Chicago Schools Face $732M Deficit: Classroom Cuts, Focus on Special Ed Staffing

May 12, 2026
Chicago Schools Face $732M Deficit: Classroom Cuts, Focus on Special Ed Staffing
  • To address the shortfall, CPS plans to reduce regular classroom teachers next year, which will raise class sizes as part of deficit mitigation.

  • The staffing shifts will be driven by changes to the district’s staffing allocation formulas.

  • Analysts and stakeholders question whether city funding will remain adequate, with Civic Federation and CTU urging state action to protect school funding amid other competing costs.

  • A needs-based budgeting approach faces strain in lean times, risking larger schools absorbing more cuts due to enrollment shifts and staffing formulas.

  • Regardless of scenario, cuts at the school level are expected, challenging the approach that uses an Opportunity Index to guide funding, which has widened gaps between larger and smaller schools.

  • The district will raise the student-to-teacher funding ratio by one per grade level, resulting in higher teacher-to-student ratios, with high-poverty elementary schools slated for 1 teacher per 23 students next year.

  • Chicago Public Schools is confronting a projected deficit of about $732.5 million for the 2026-27 year, prompting cuts to campus funding while increasing focus on special education staffing.

  • District officials reiterate a commitment to staffing goals for high-needs schools and a recovery-supportive model, while recognizing that budget cuts will affect teaching and student-support roles.

  • Budget planning remains contingent on Local School Council decisions, with final school-level budgets due by June and the district budget not finalized until mid-summer; further cuts may appear in central offices and networks.

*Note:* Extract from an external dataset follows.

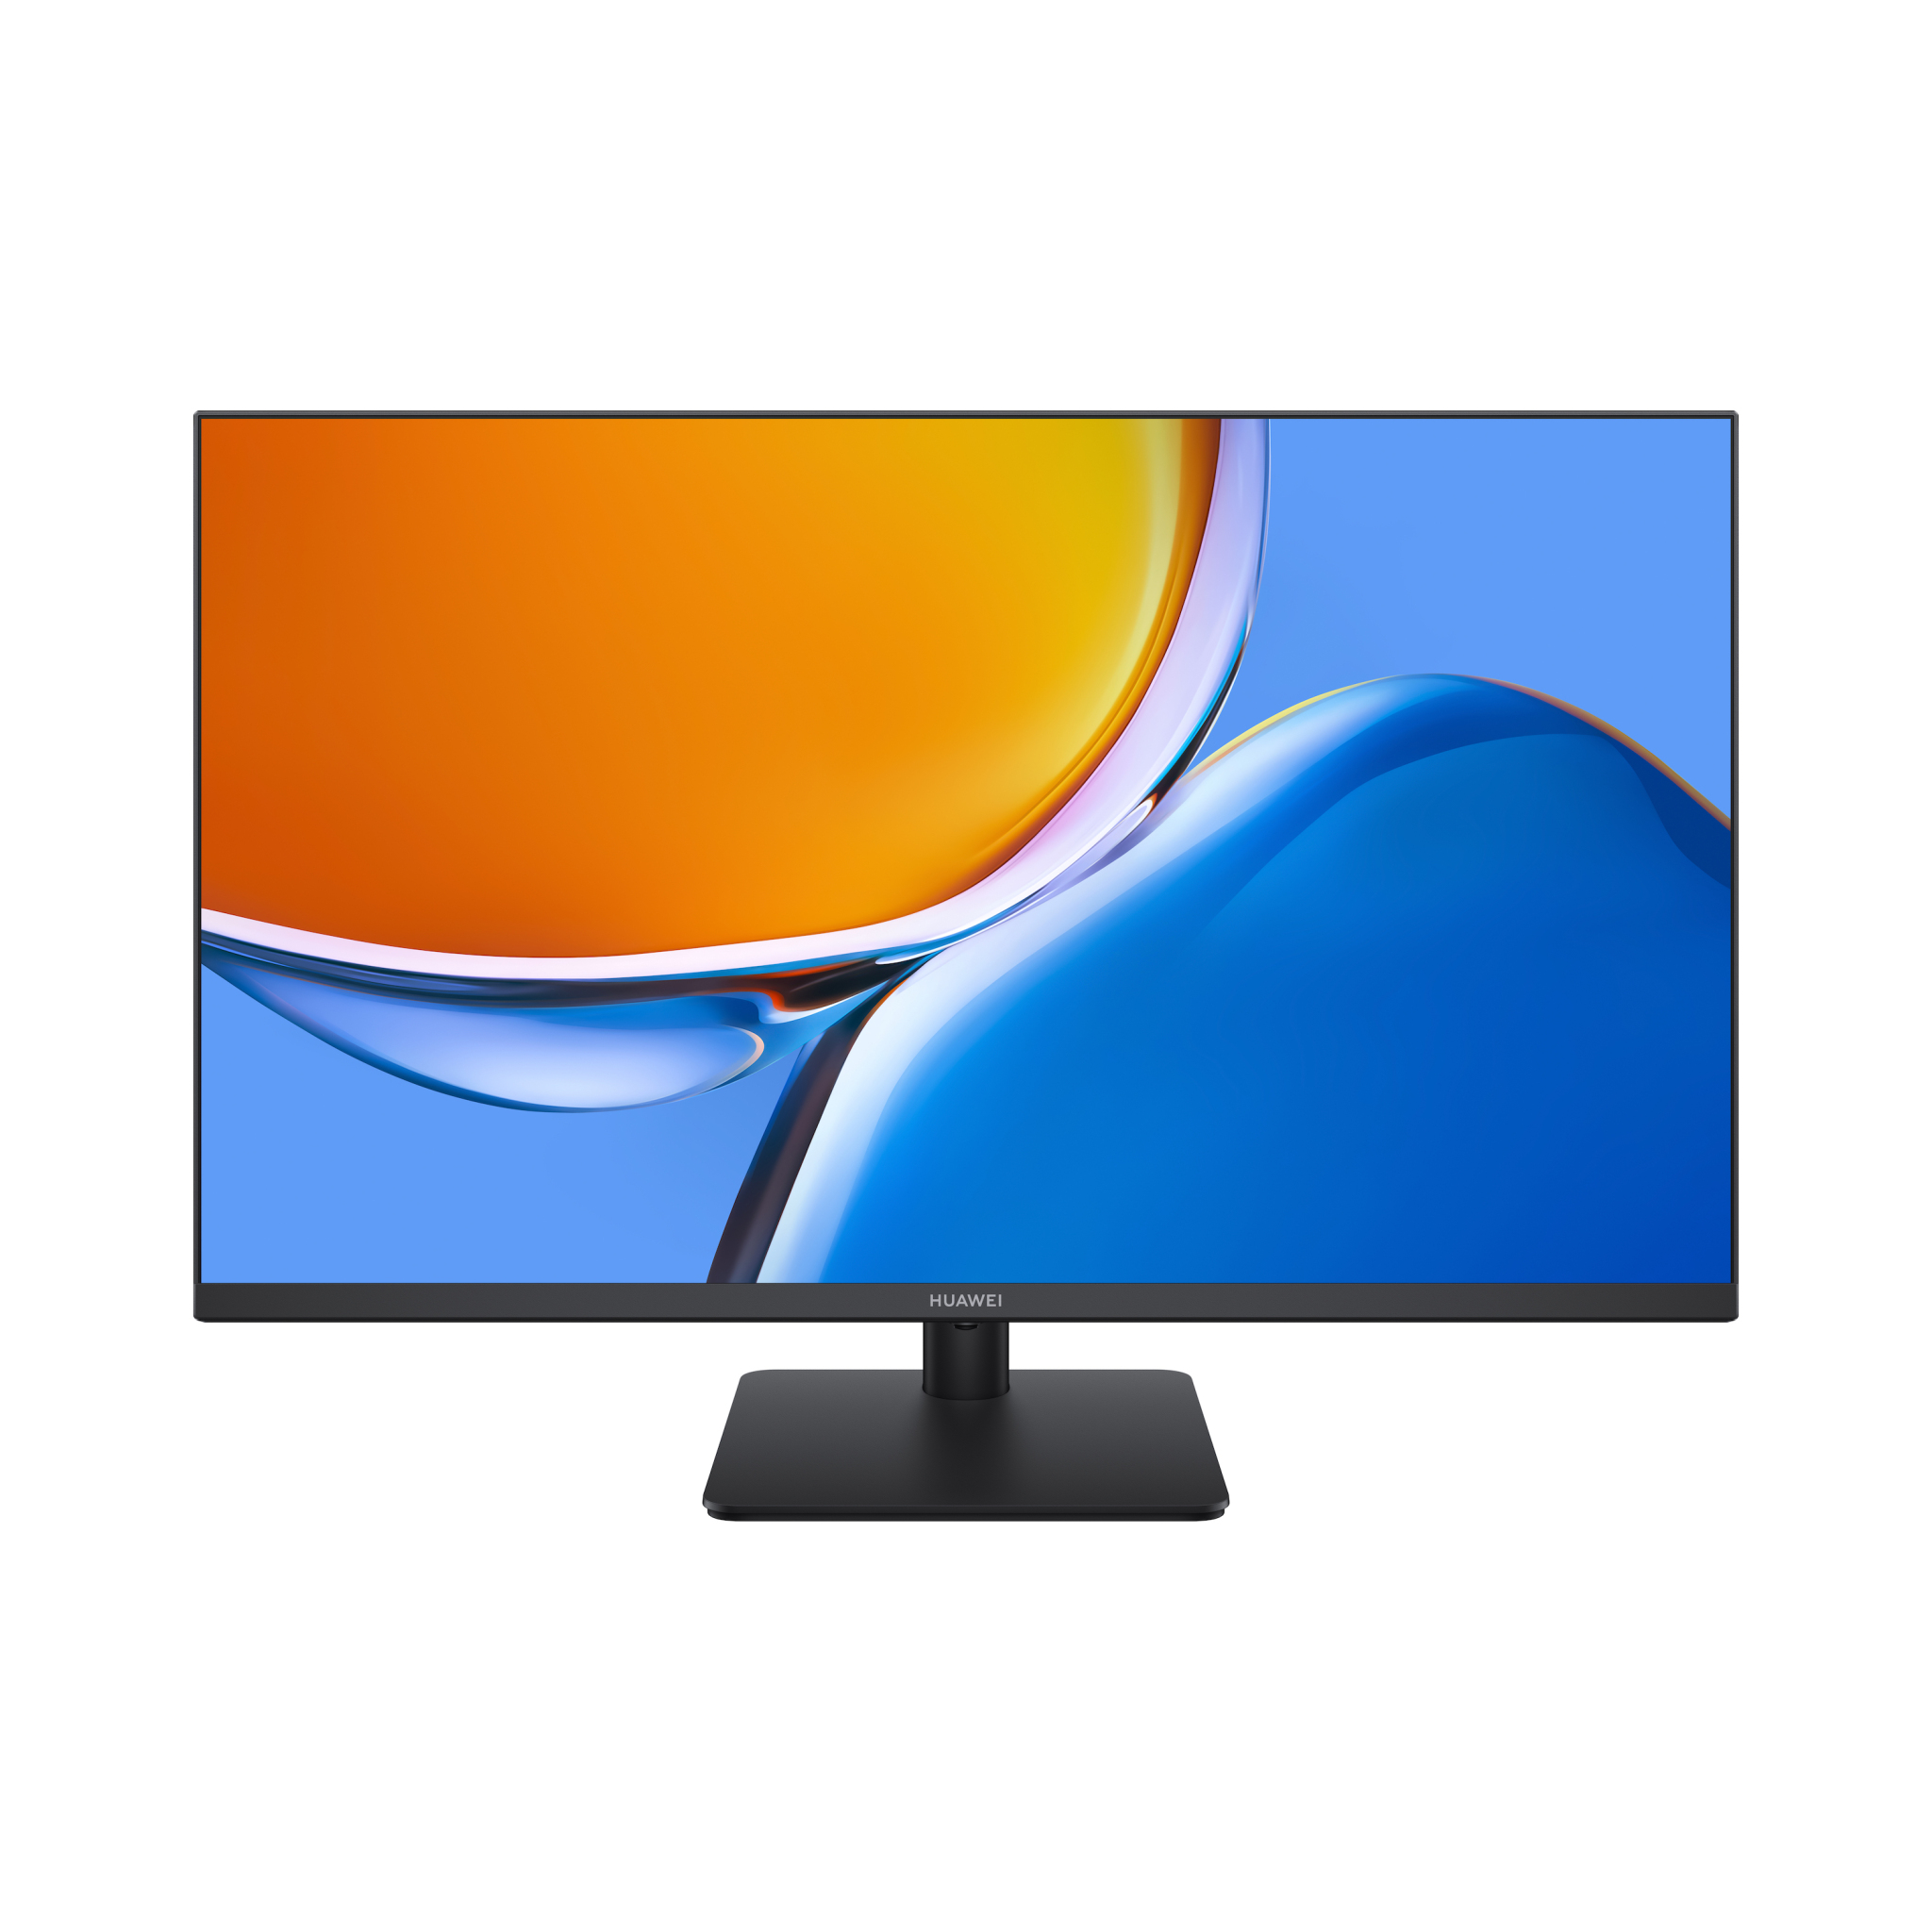 Huawei: introduces its new MateView SE monitor

  • Central-office and network budgets, as well as discretionary spending decisions by principals and LSCs, will be clarified closer to mid-summer as plans remain preliminary.

  • Some smaller schools may lose assistant principals, while there are planned increases for special education teachers, classroom aides, and therapists, though specific figures are not disclosed.

  • Officials stress that released information is preliminary and school-level budgets can change as principals and LSCs allocate discretionary funds to protect classrooms, with central office figures to be disclosed later.